You possibly can ignore the notice about lacking dependencies Python Core / win32api so long as you do not need to automate VirtualBox with Python scripts.
Then we begin the Oracle VirtualBox Supervisor:

2) Obtain the Ubuntu ISO file
Subsequent, we obtain the Ubuntu ISO file from the Ubuntu web site. An ISO Ubuntu file is a compressed picture file of the Ubuntu working system. Because of this it accommodates a whole copy of the set up knowledge. I obtain the LTS model as a result of this model receives safety and upkeep updates for five years (Lengthy Time period Help). Word the situation of the .iso file as we are going to use it later in VirtualBox.

3) Create a digital machine in VirtualBox
Subsequent, we create a brand new digital machine within the VirtualBox Supervisor and provides it the identify Ubuntu VM 2025. Right here we choose Linux as the sort and Ubuntu (64-bit) because the model. We additionally choose the beforehand downloaded ISO file from Ubuntu because the ISO picture. It could even be attainable so as to add the ISO file later within the mass storage menu.

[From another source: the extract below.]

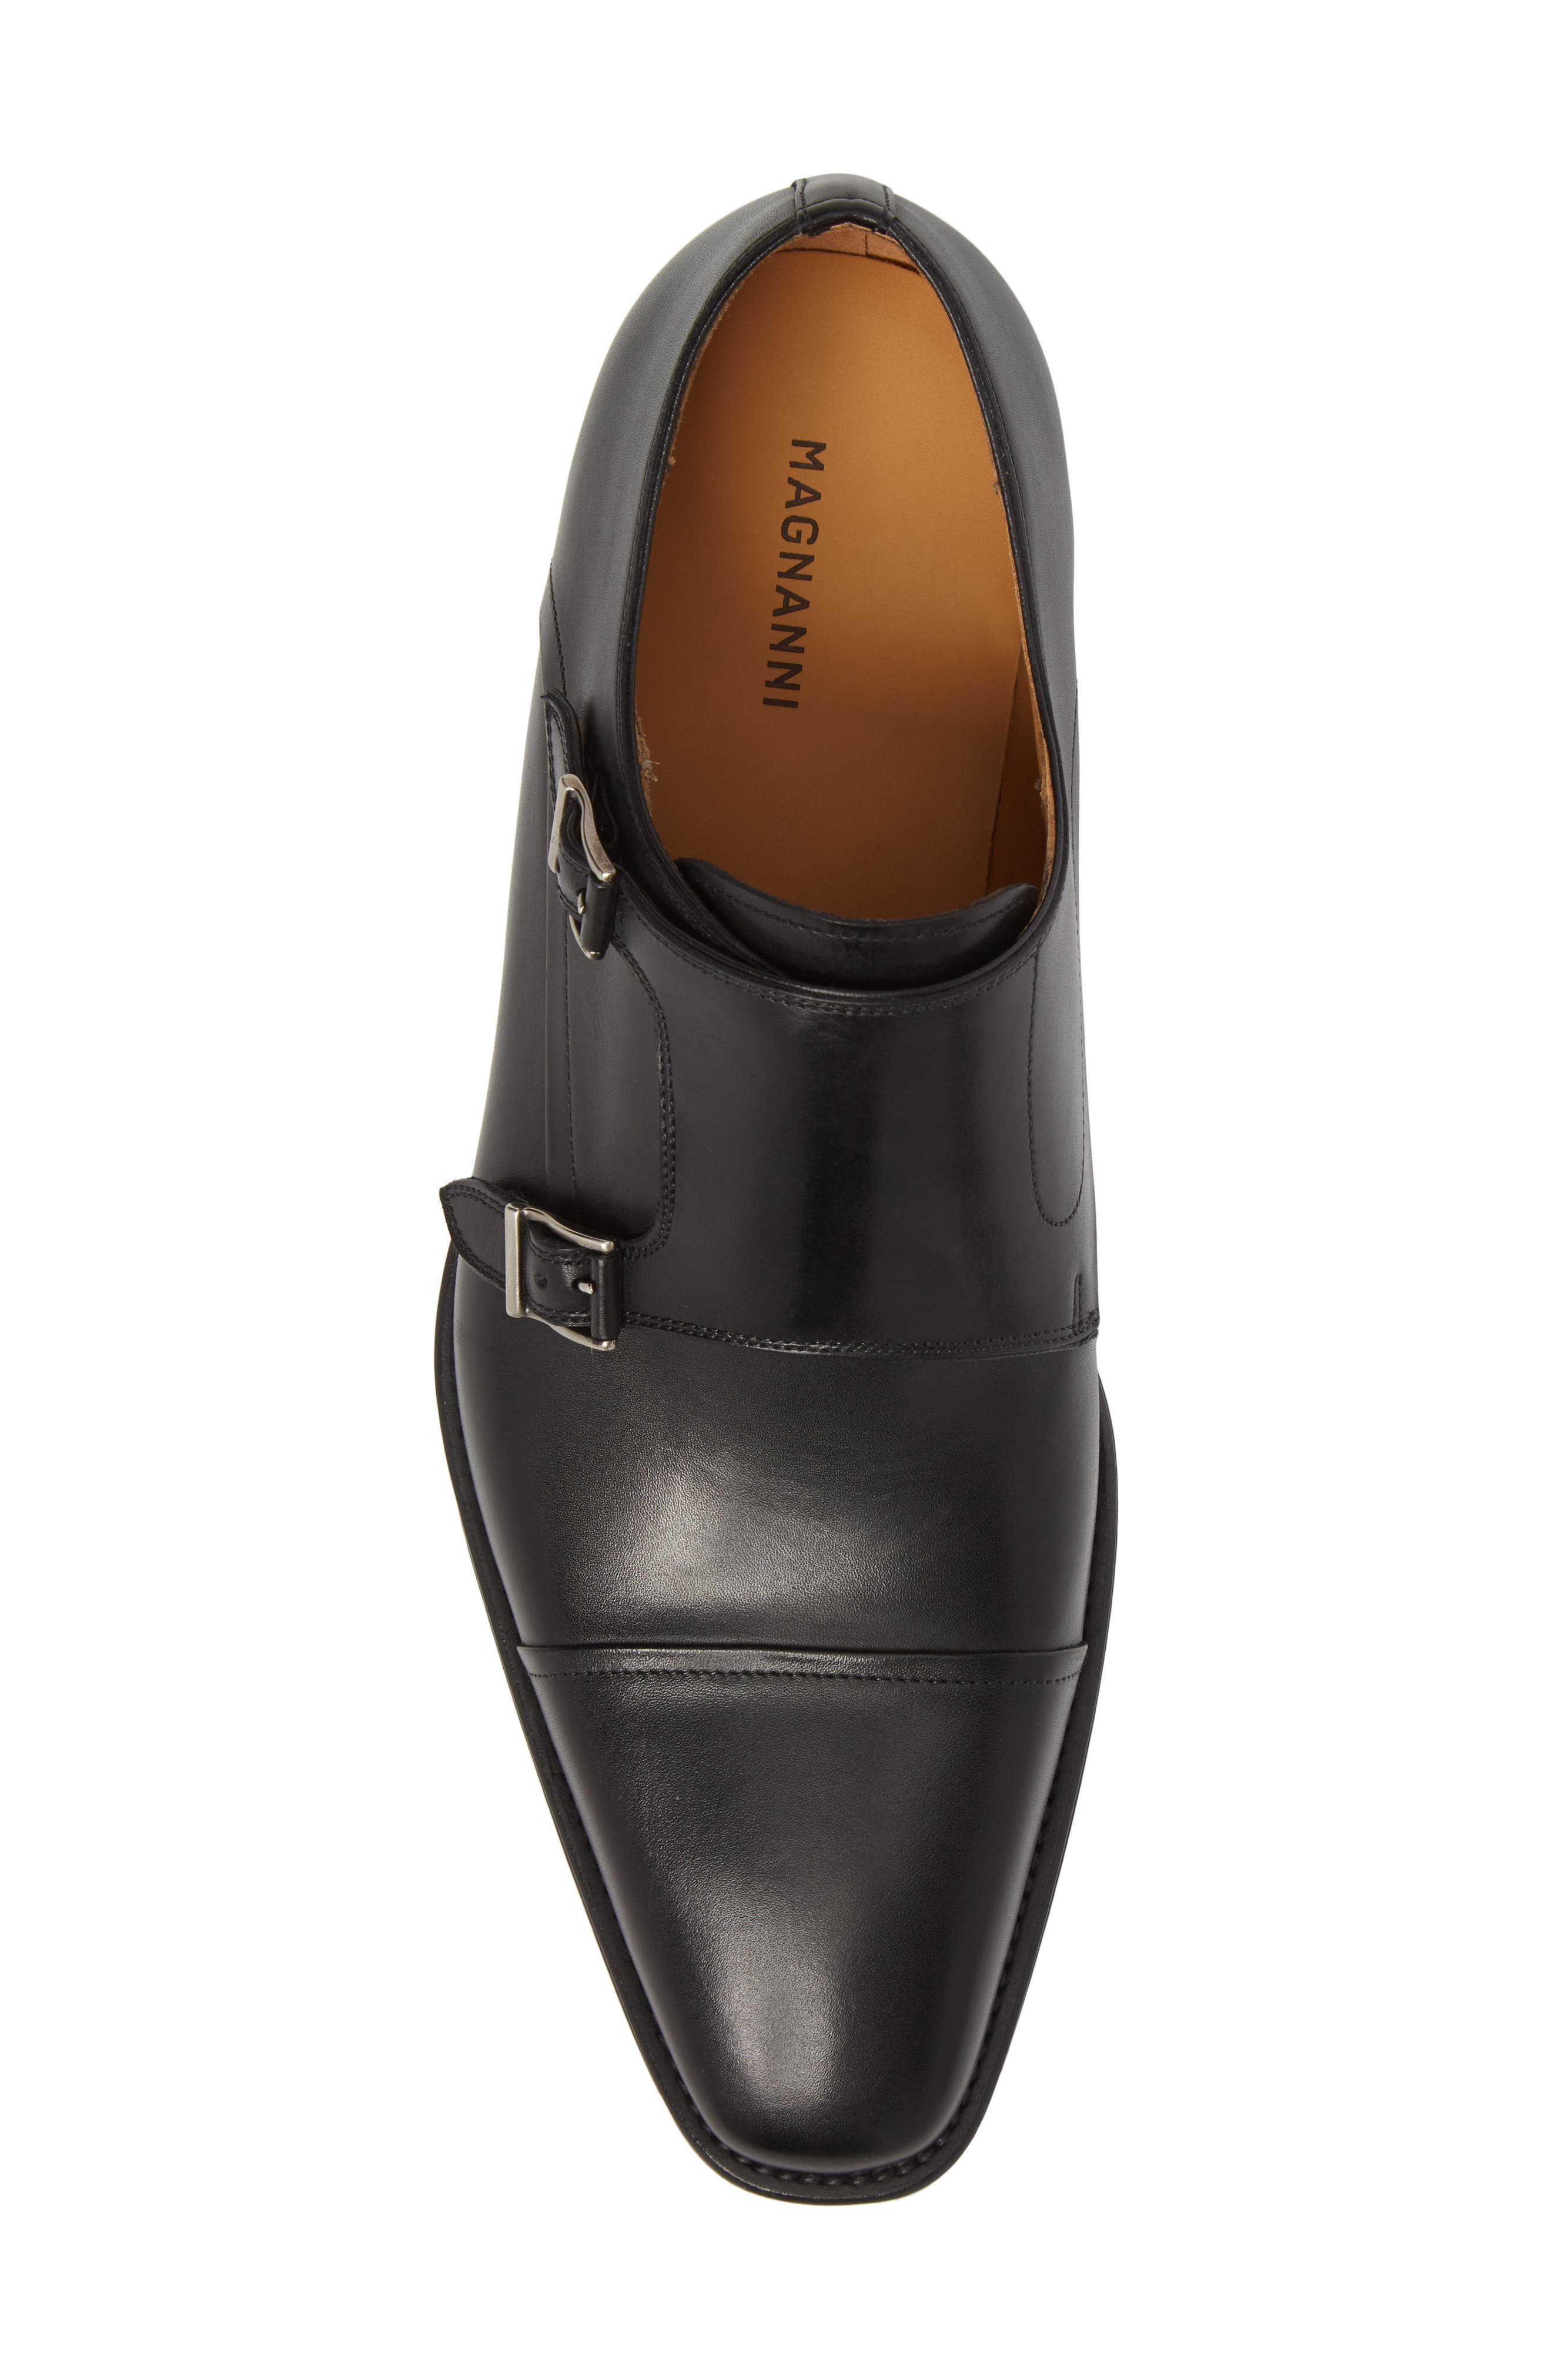 Silvio Double Monk Strap Shoe,                             Alternate thumbnail 5, color,                             Black Leather

Subsequent, we choose a person identify vboxuser2025 and a password for entry to the Ubuntu system. The hostname is the identify of the digital machine throughout the community or system. It should not comprise any areas. The area identify is non-compulsory and can be used if the community has a number of units.
We then assign the suitable sources to the digital machine. I select 8 GB (8192 MB) RAM, as my host system has 64 GB RAM. I like to recommend 4GB (4096) at the least. I assign 2 processors, as my host system has 8 cores and 16 logical processors. It could even be attainable to assign 4 cores, however this manner I’ve sufficient sources for my host system. You could find out what number of cores your host system has by opening the Activity Supervisor in Home windows and looking out on the variety of cores beneath the Efficiency tab beneath CPU.

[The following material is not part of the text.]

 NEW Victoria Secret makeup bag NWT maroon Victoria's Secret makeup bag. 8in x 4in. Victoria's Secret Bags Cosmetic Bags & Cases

Subsequent, we click on on ‘Create a digital laborious disk now’ to create a digital laborious disk. A VM requires its personal digital laborious disk to put in the OS (e.g. Ubuntu, Home windows). All packages, recordsdata and configurations of the VM are saved on it — identical to on a bodily laborious disk. The default worth is 25 GB. If you wish to use a VM for machine studying or knowledge science, extra cupboard space (e.g. 50–100 GB) can be helpful to have room for big knowledge units and fashions. I maintain the default setting.
We are able to then see that the digital machine has been created and can be utilized:

4) Use Ubuntu VM
We are able to now use the newly created digital machine like a traditional separate working system. The VM is totally remoted from the host system. This implies you possibly can experiment in it with out altering or jeopardizing your most important system.
In case you are new to Linux, you possibly can check out fundamental instructions like ls, cd, mkdir or sudo to get to know the terminal. As an information scientist, you possibly can arrange your personal improvement environments, set up Python with Pandas and Scikit-learn to develop knowledge evaluation and machine studying fashions. Or you possibly can set up PostgreSQL and run SQL queries with out having to arrange a neighborhood database in your most important system. You may as well use Docker to create containerized functions.
Closing Ideas
Because the VM is remoted, we are able to set up packages, experiment and even destroy the system with out affecting the host system.
Let’s see if digital machines stay related within the coming years. As corporations more and more use microservice architectures (as a substitute of monoliths), containers with Docker and Kubernetes will definitely turn into much more necessary. However figuring out how you can arrange a digital machine and what it’s used for is actually helpful.
I simplify tech for curious minds. In the event you get pleasure from my tech insights on Python, knowledge science, knowledge engineering, machine studying and AI, think about subscribing to my substack.